─── DATASET
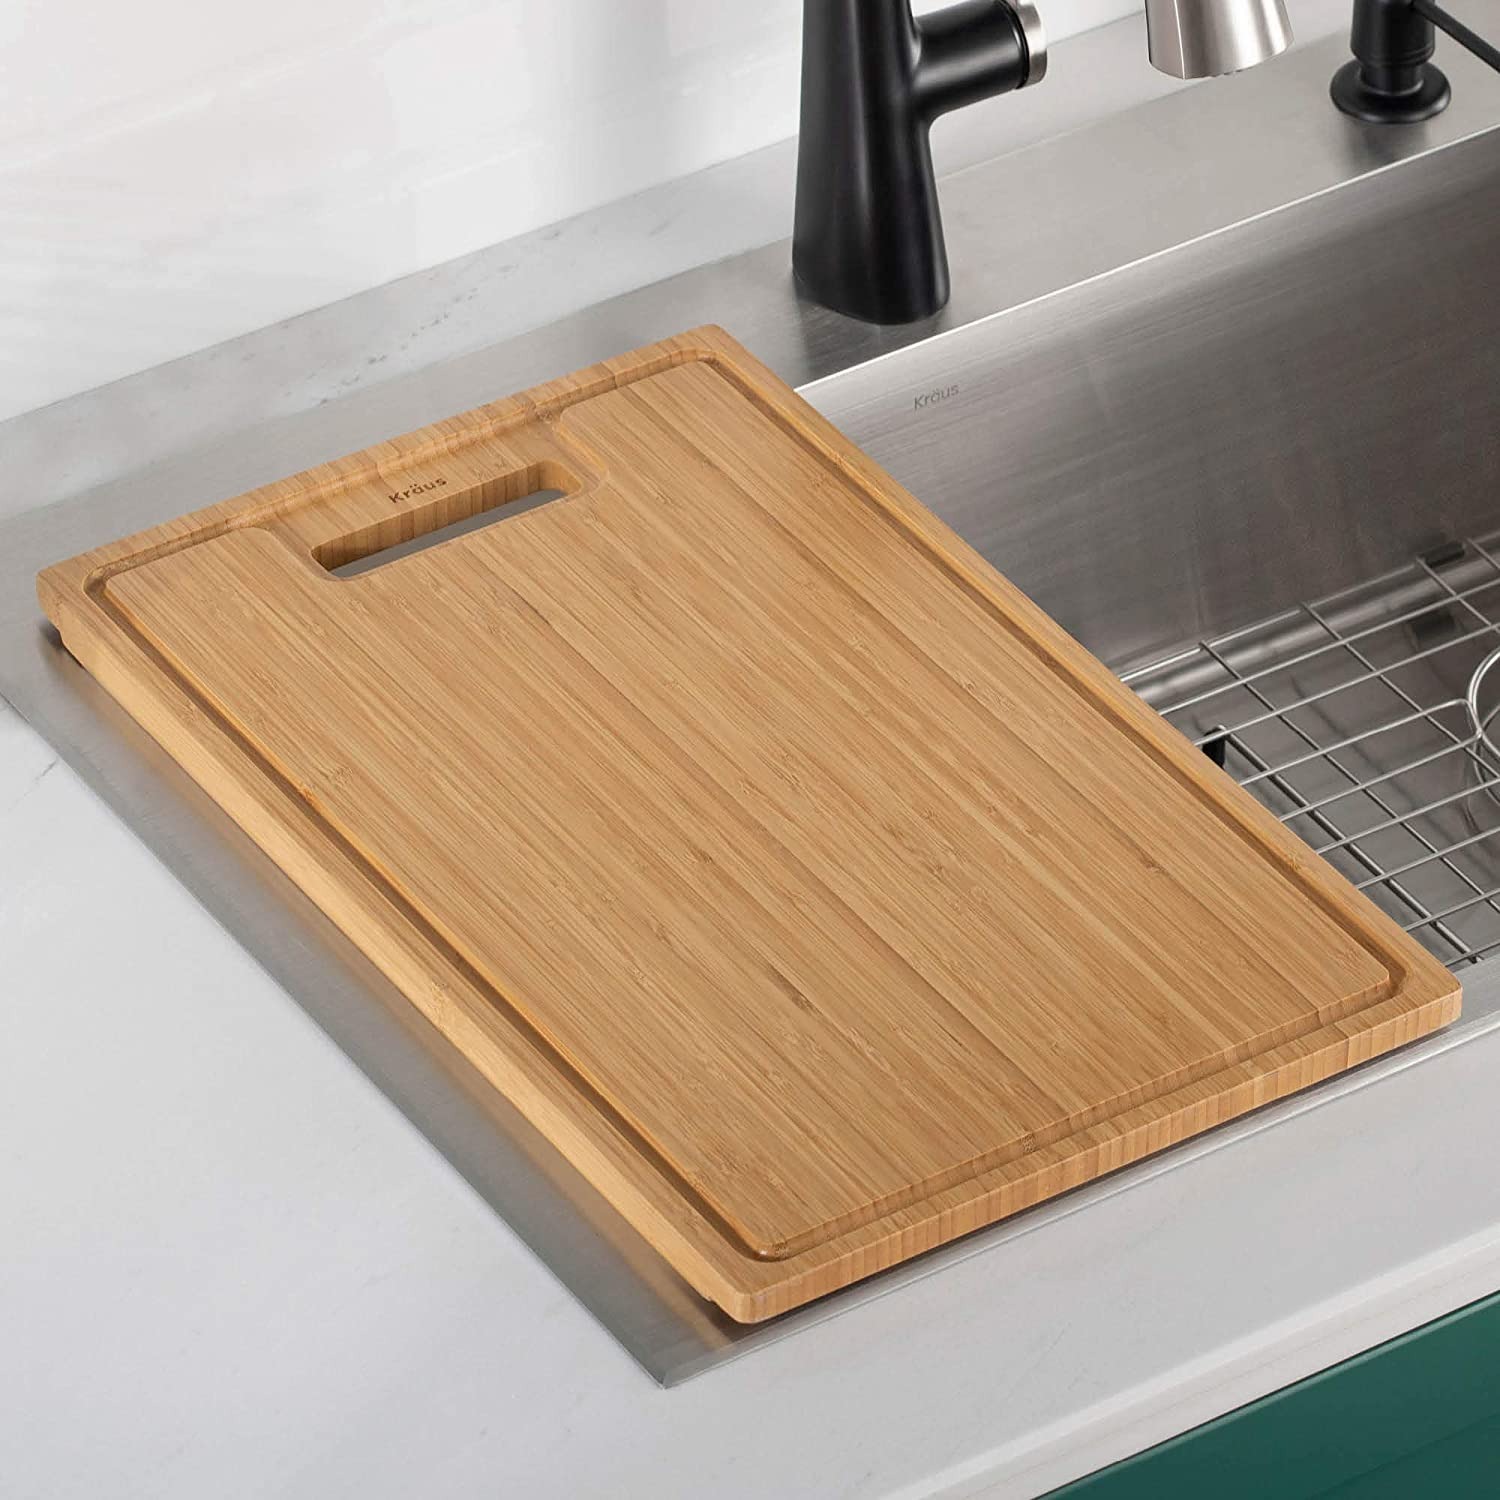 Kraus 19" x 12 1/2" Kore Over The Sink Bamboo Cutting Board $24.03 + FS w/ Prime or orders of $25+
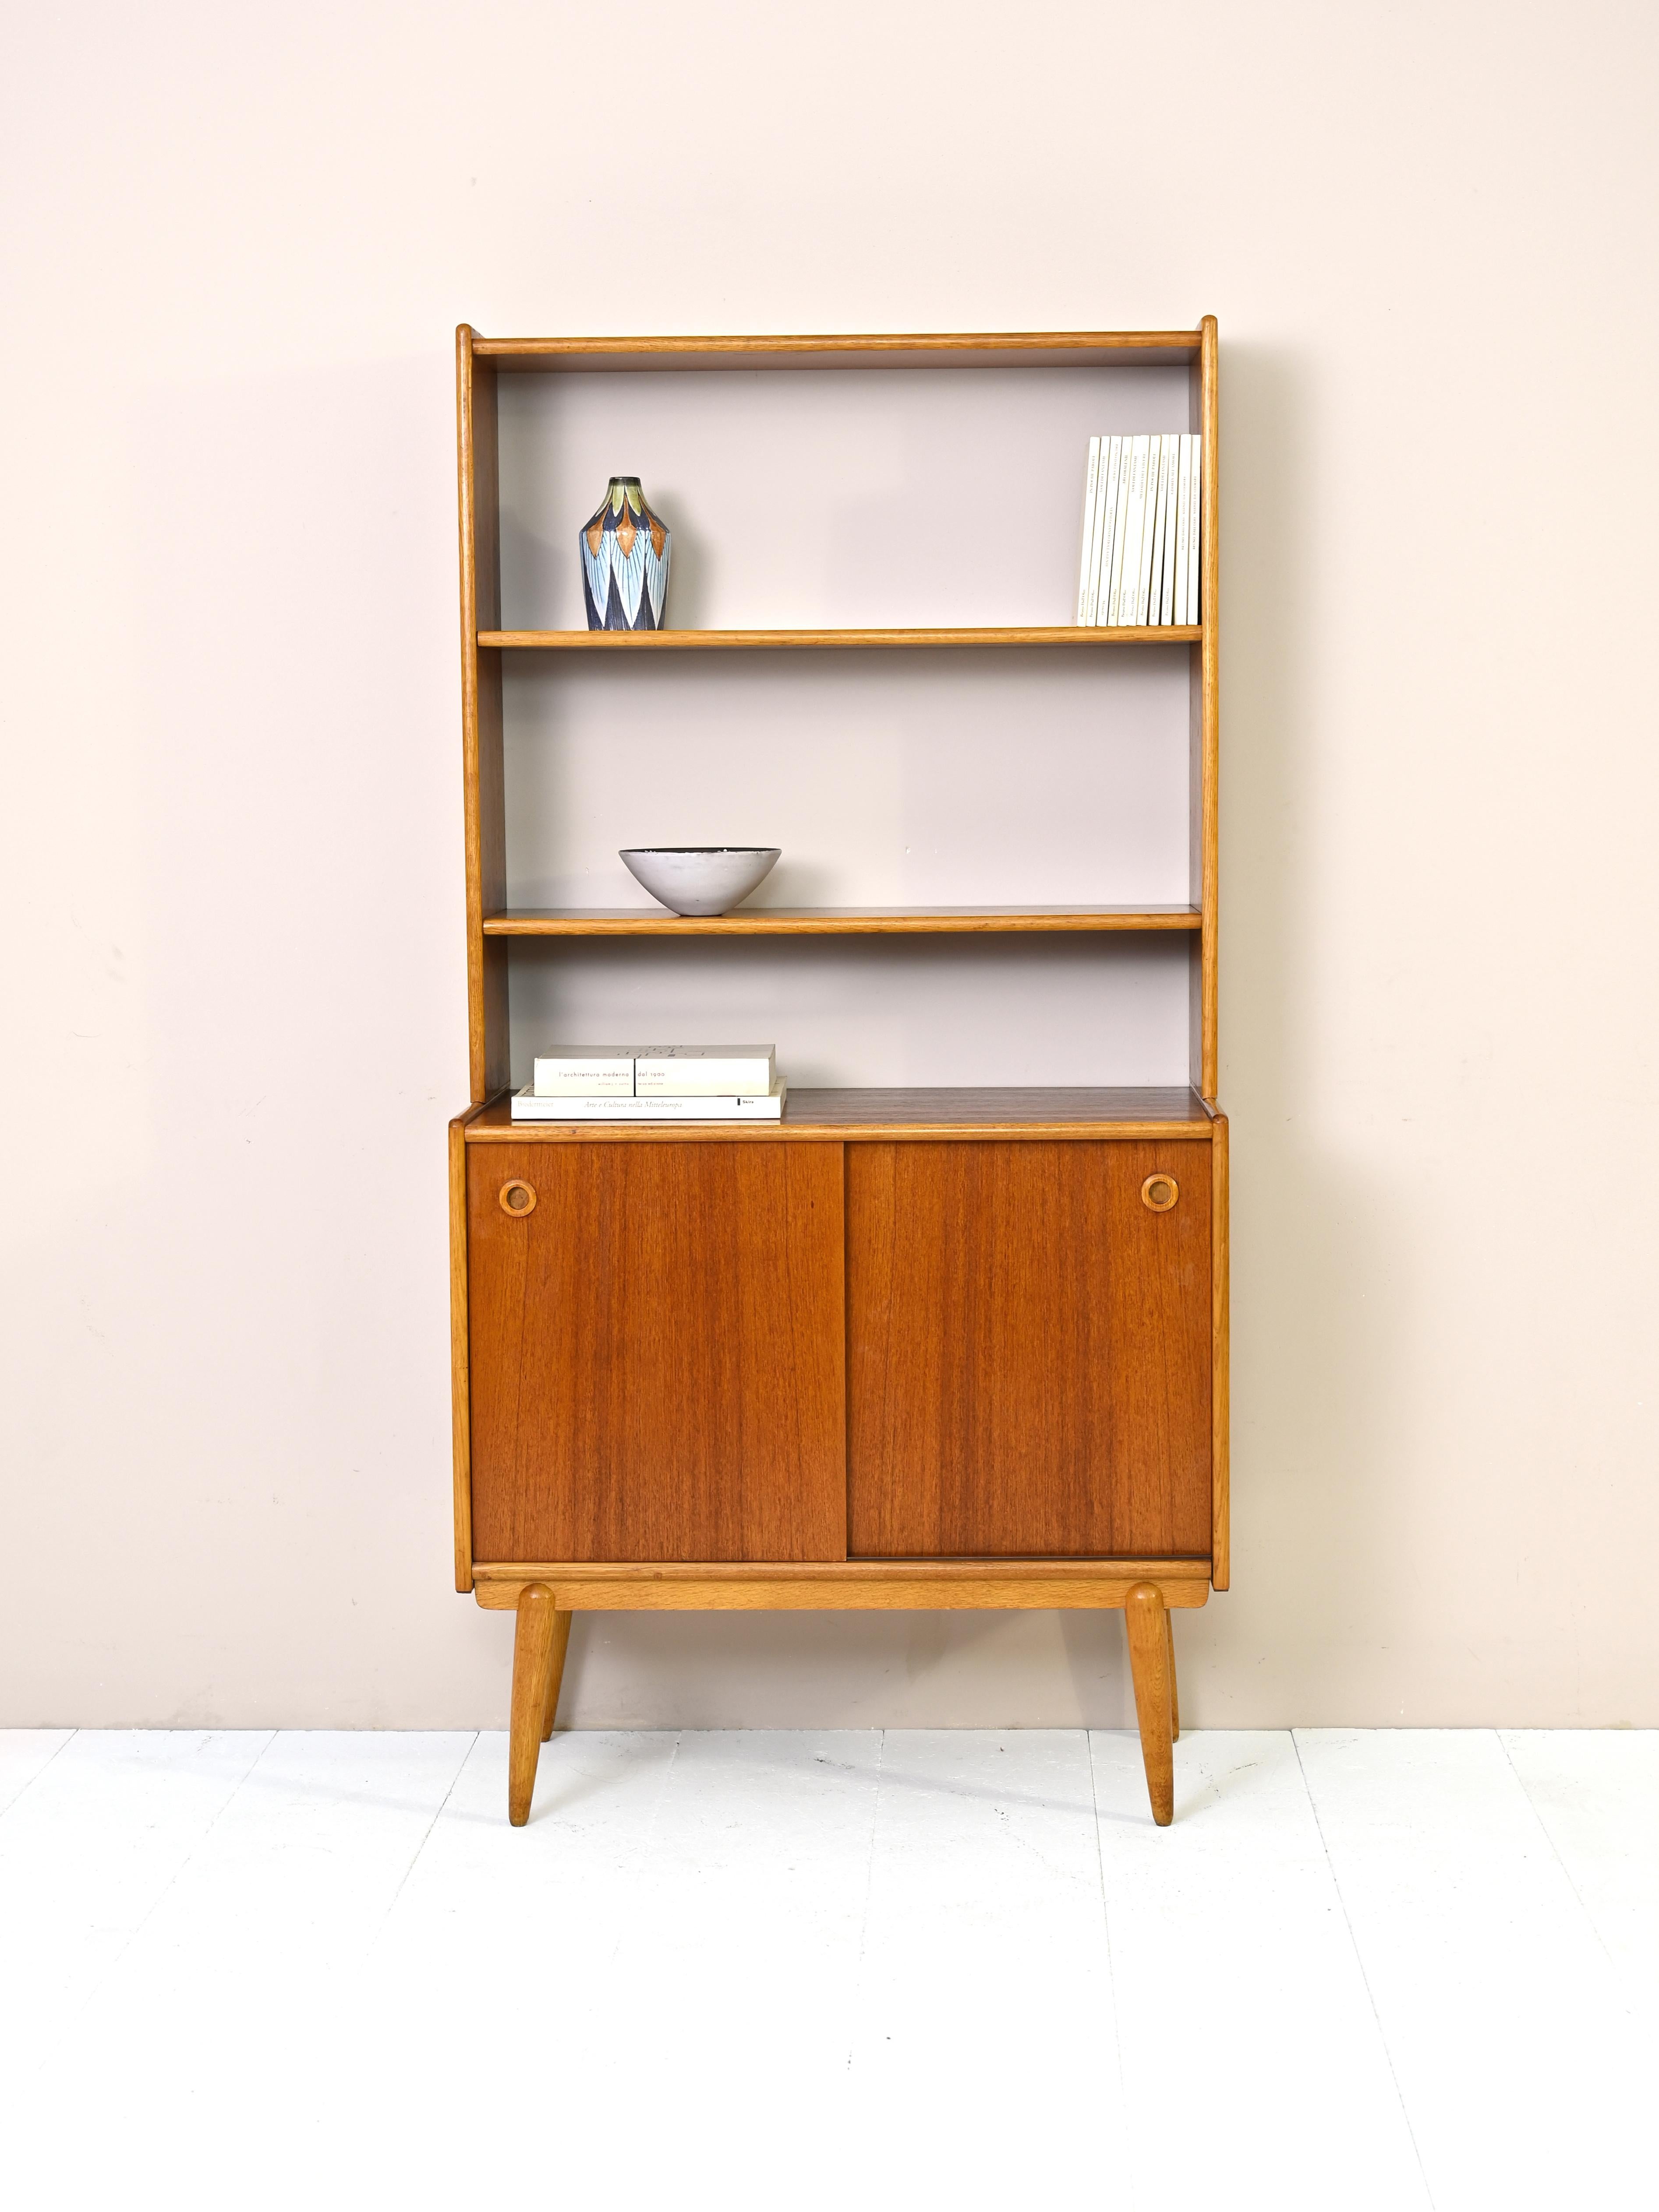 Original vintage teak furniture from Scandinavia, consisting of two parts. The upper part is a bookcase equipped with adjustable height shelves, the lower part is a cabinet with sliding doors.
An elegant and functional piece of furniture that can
──────
─── DATASET
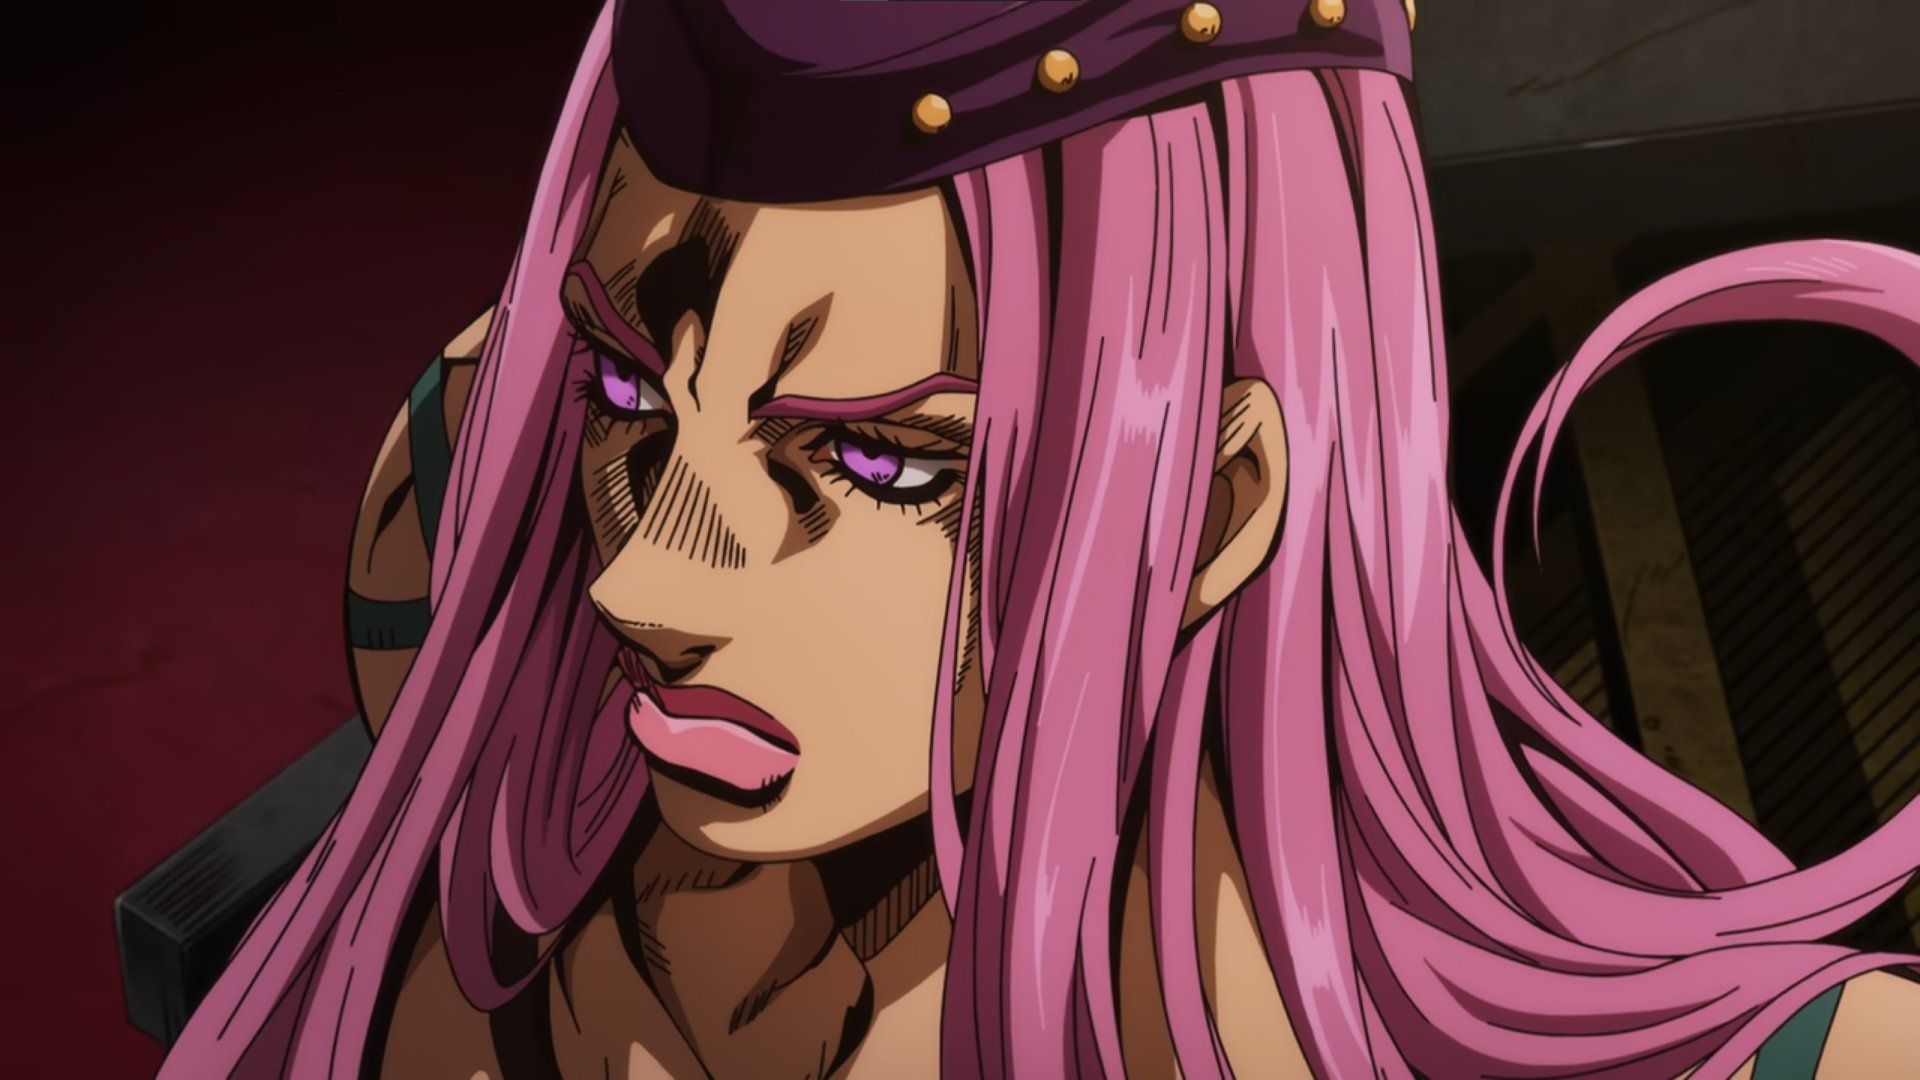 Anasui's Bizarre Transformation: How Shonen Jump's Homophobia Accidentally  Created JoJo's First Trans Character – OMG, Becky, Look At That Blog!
──────
─── DATASET
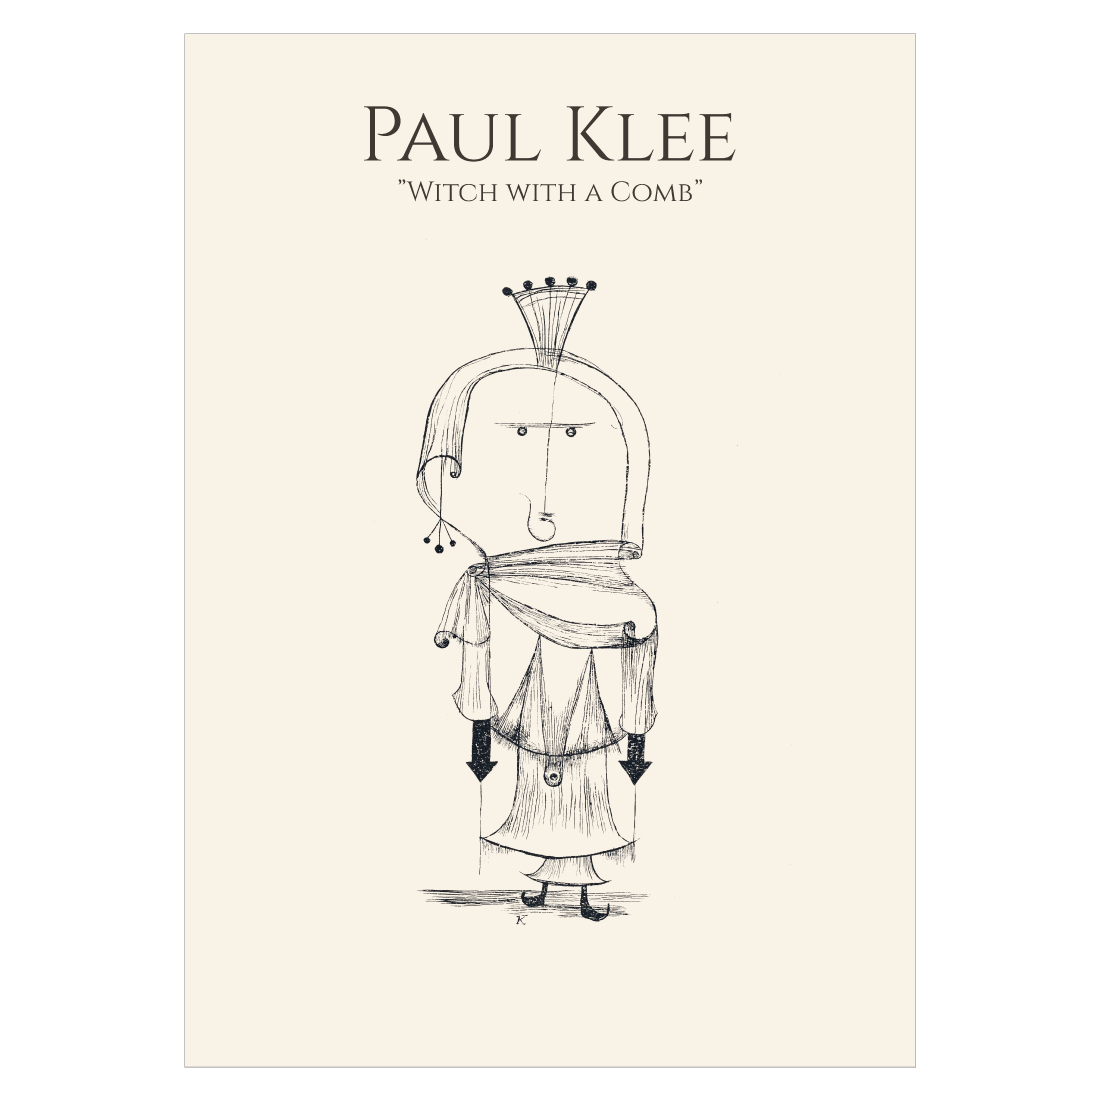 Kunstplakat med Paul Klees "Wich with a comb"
──────
> _WORK TO COMPLETE_
Look above for the line with "orders of $25+" and the line with "An elegant and"; set down those two lines and all lines between them exactly, without pictures and without anything else.

> _SOLVED EXERCISE_
 Kraus 19" x 12 1/2" Kore Over The Sink Bamboo Cutting Board $24.03 + FS w/ Prime or orders of $25+
 Original vintage teak furniture from Scandinavia, consisting of two parts. The upper part is a bookcase equipped with adjustable height shelves, the lower part is a cabinet with sliding doors.
An elegant and functional piece of furniture that can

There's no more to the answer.